Canadian Solar Inc. (CSIQ), the Ontario-based solar-panel company with manufacturing operations in China, rose to a 22-month high as surging demand in Japan helped boost first-quarter shipments beyond the company’s forecast.
Canadian Solar gained 9 percent to $9.39 at the close in New York, the highest since July 2011. The company has more than doubled this year.
The company shipped 340 megawatts of modules in the first quarter, Guelph, Ontario-based Canadian Solar said today in a statement. That beat its March forecast of 290 megawatts to 310 megawatts.
Shipments to Japan swelled 76 percent from the fourth quarter and accounted for 25 percent of Canadian Solar’s total deliveries.
Solar demand in the world’s third-largest economy is “strong” and is approaching an annual run-rate of 7 gigawatts to 9 gigawatts, Vishal Shah, a New York-based analyst for Deutsche Bank AG, wrote in a note to investors yesterday. Germany was the biggest solar market last year, with 7.6 gigawatts of panels installed, according to data compiled by Bloomberg.
Canadian Solar expects to ship 380 megawatts to 420 megawatts of panels in the current quarter, and as much as 40 percent may go to Japan. The country is promoting wider use of solar power after the March 2011 disaster in Fukushima prompted a reevaluation of nuclear energy.

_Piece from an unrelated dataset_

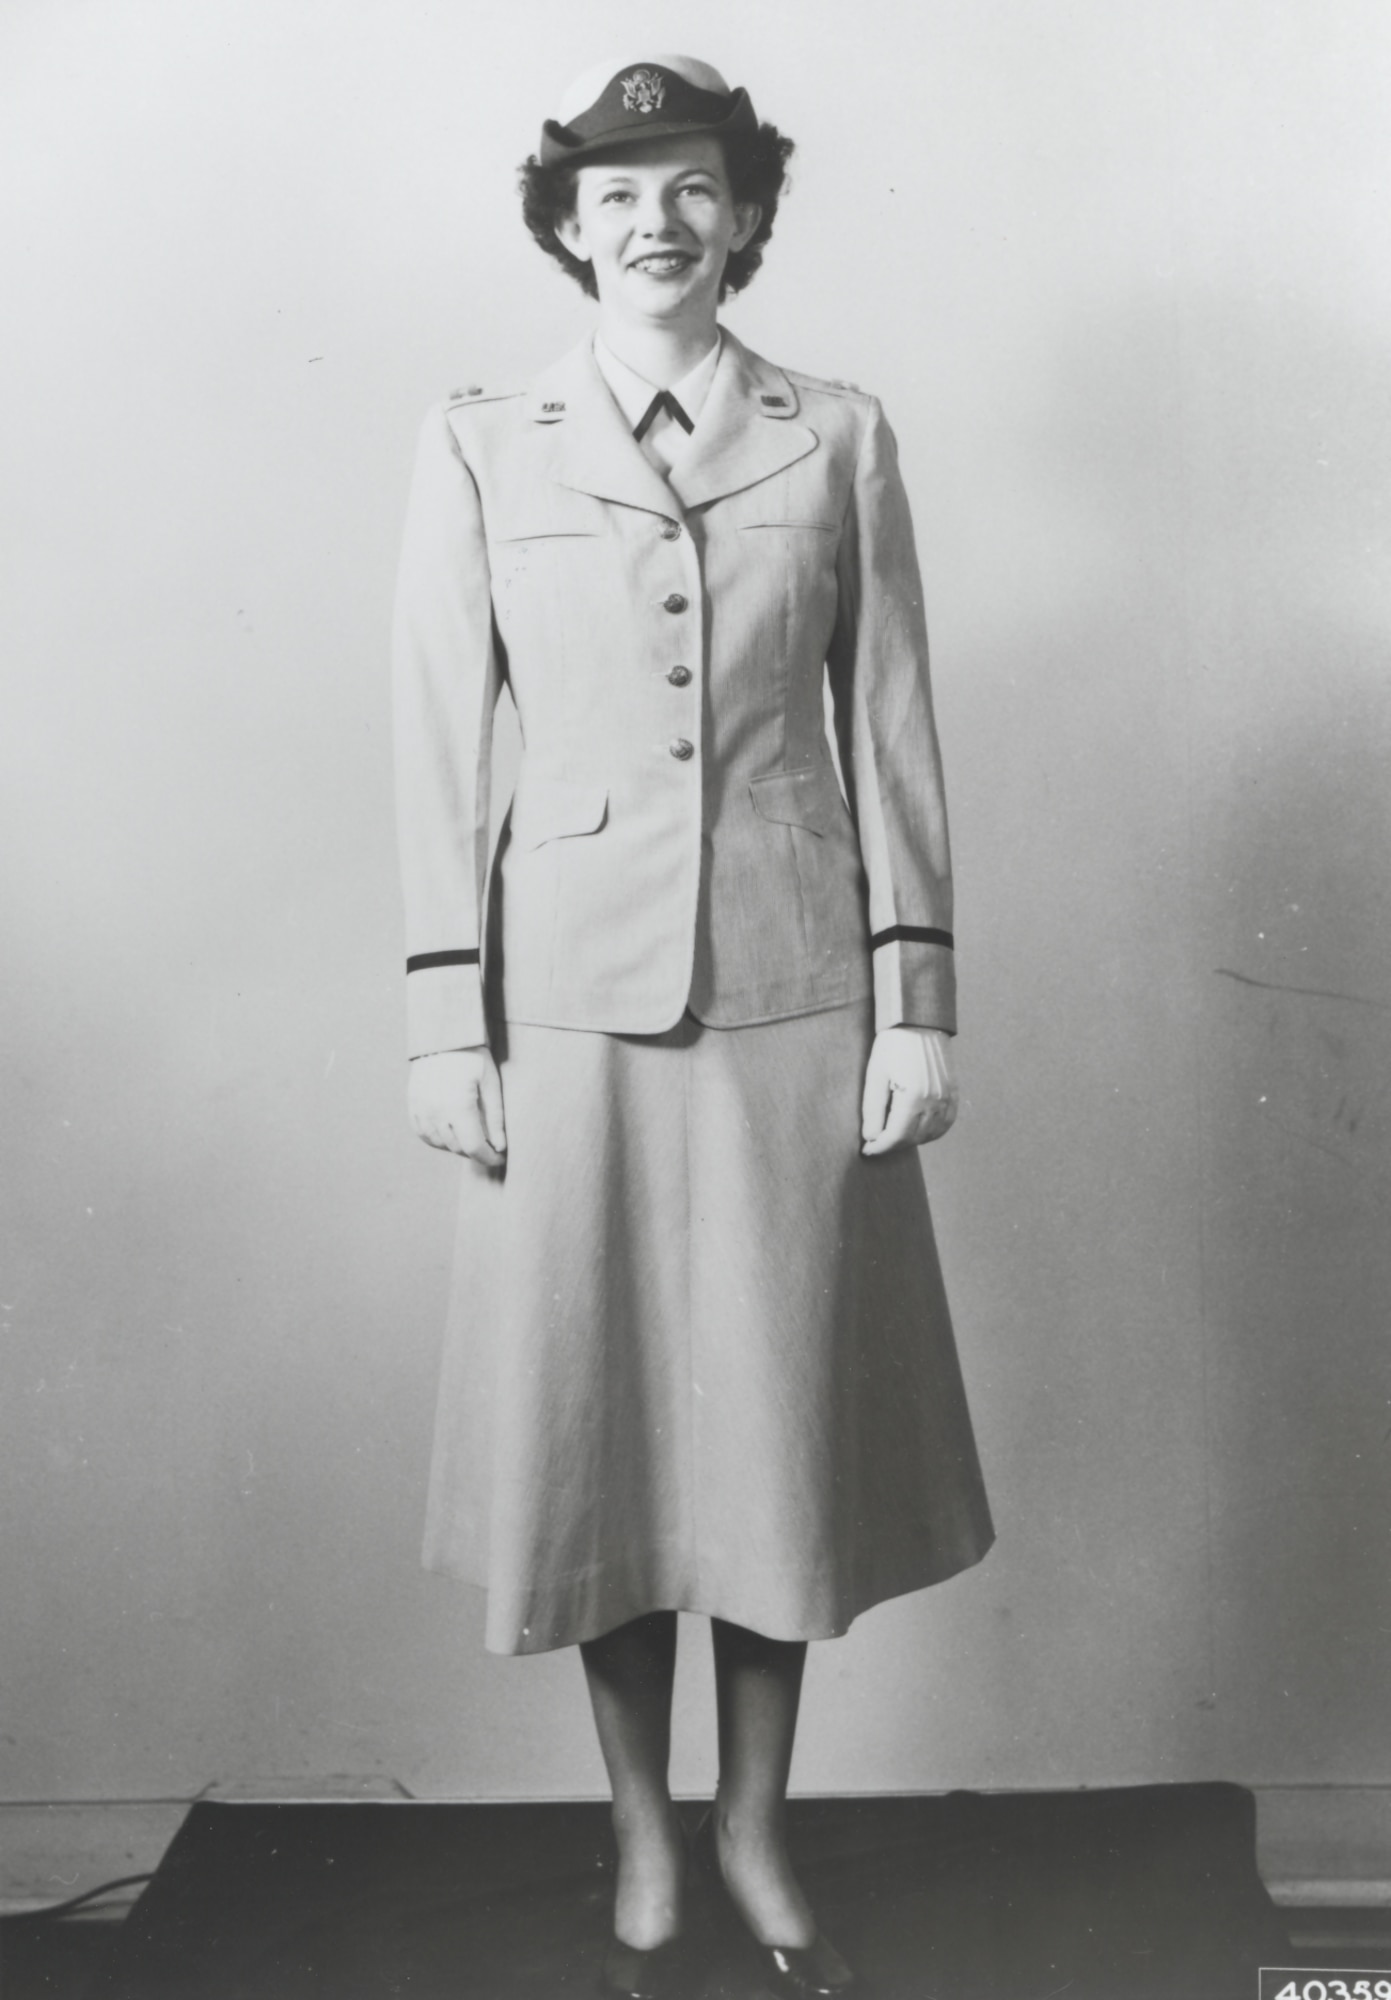 First uniforms for the new U.S. Air Force, early 1950's.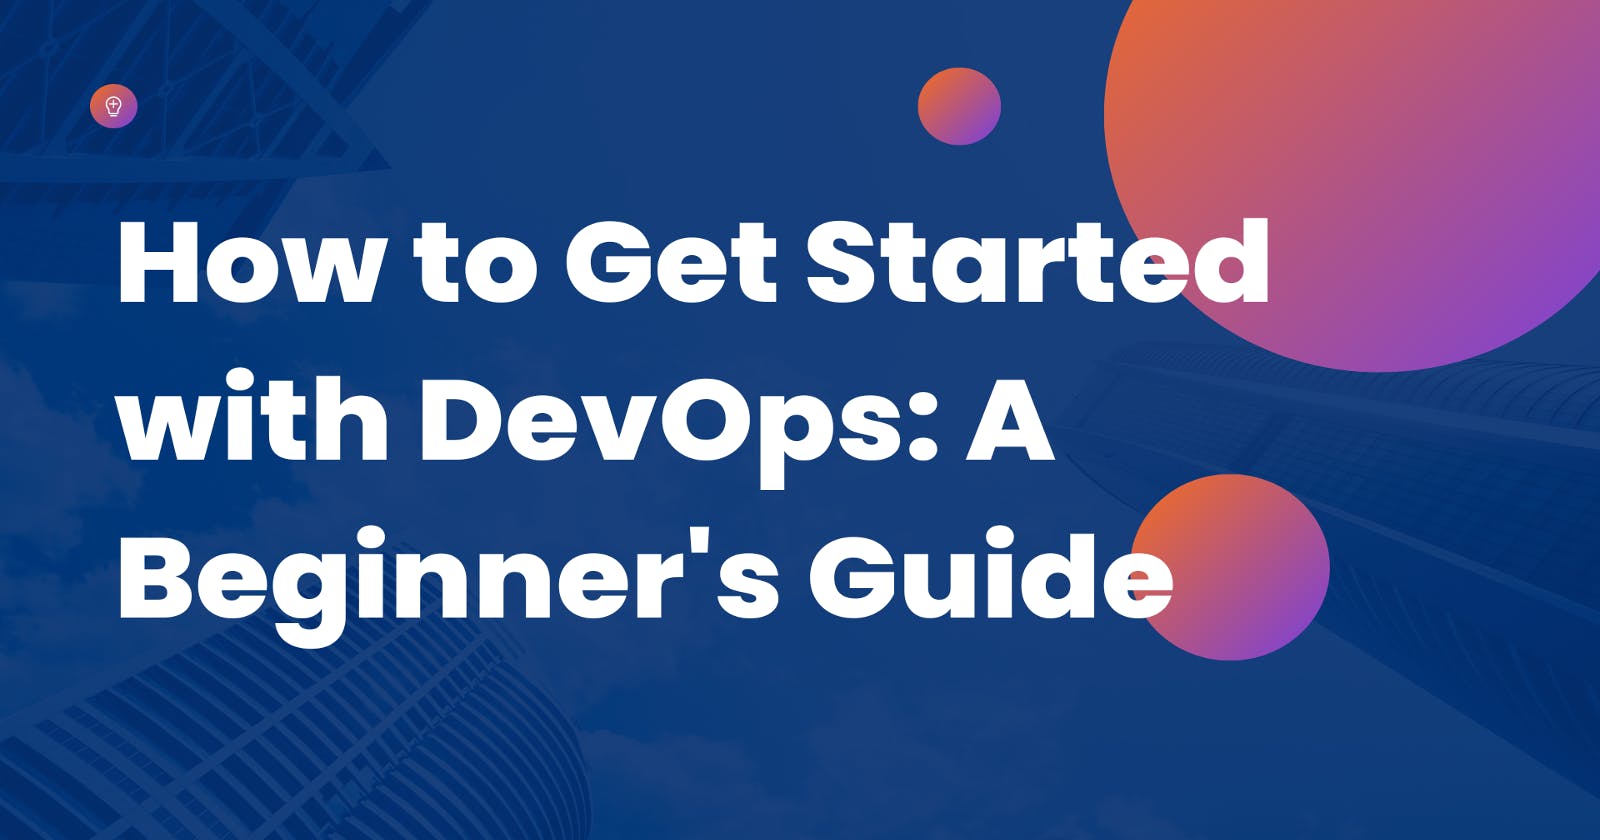 How to Get Started with DevOps: A Beginner's Guide

Revenue fell 19 percent from a year earlier to $263.6 million. Sales in Japan may account for 30 percent of the company’s total this year, Chief Executive Officer Shawn Qu said today on a conference call with analysts.
“So far, we haven’t seen many brand-name competitors in that market,” Qu said. Canadian Solar began selling panels there in 2009, “earlier” than some rivals.
Sales in Japan were 9.3 percent of the company’s total last year, according to data compiled by Bloomberg.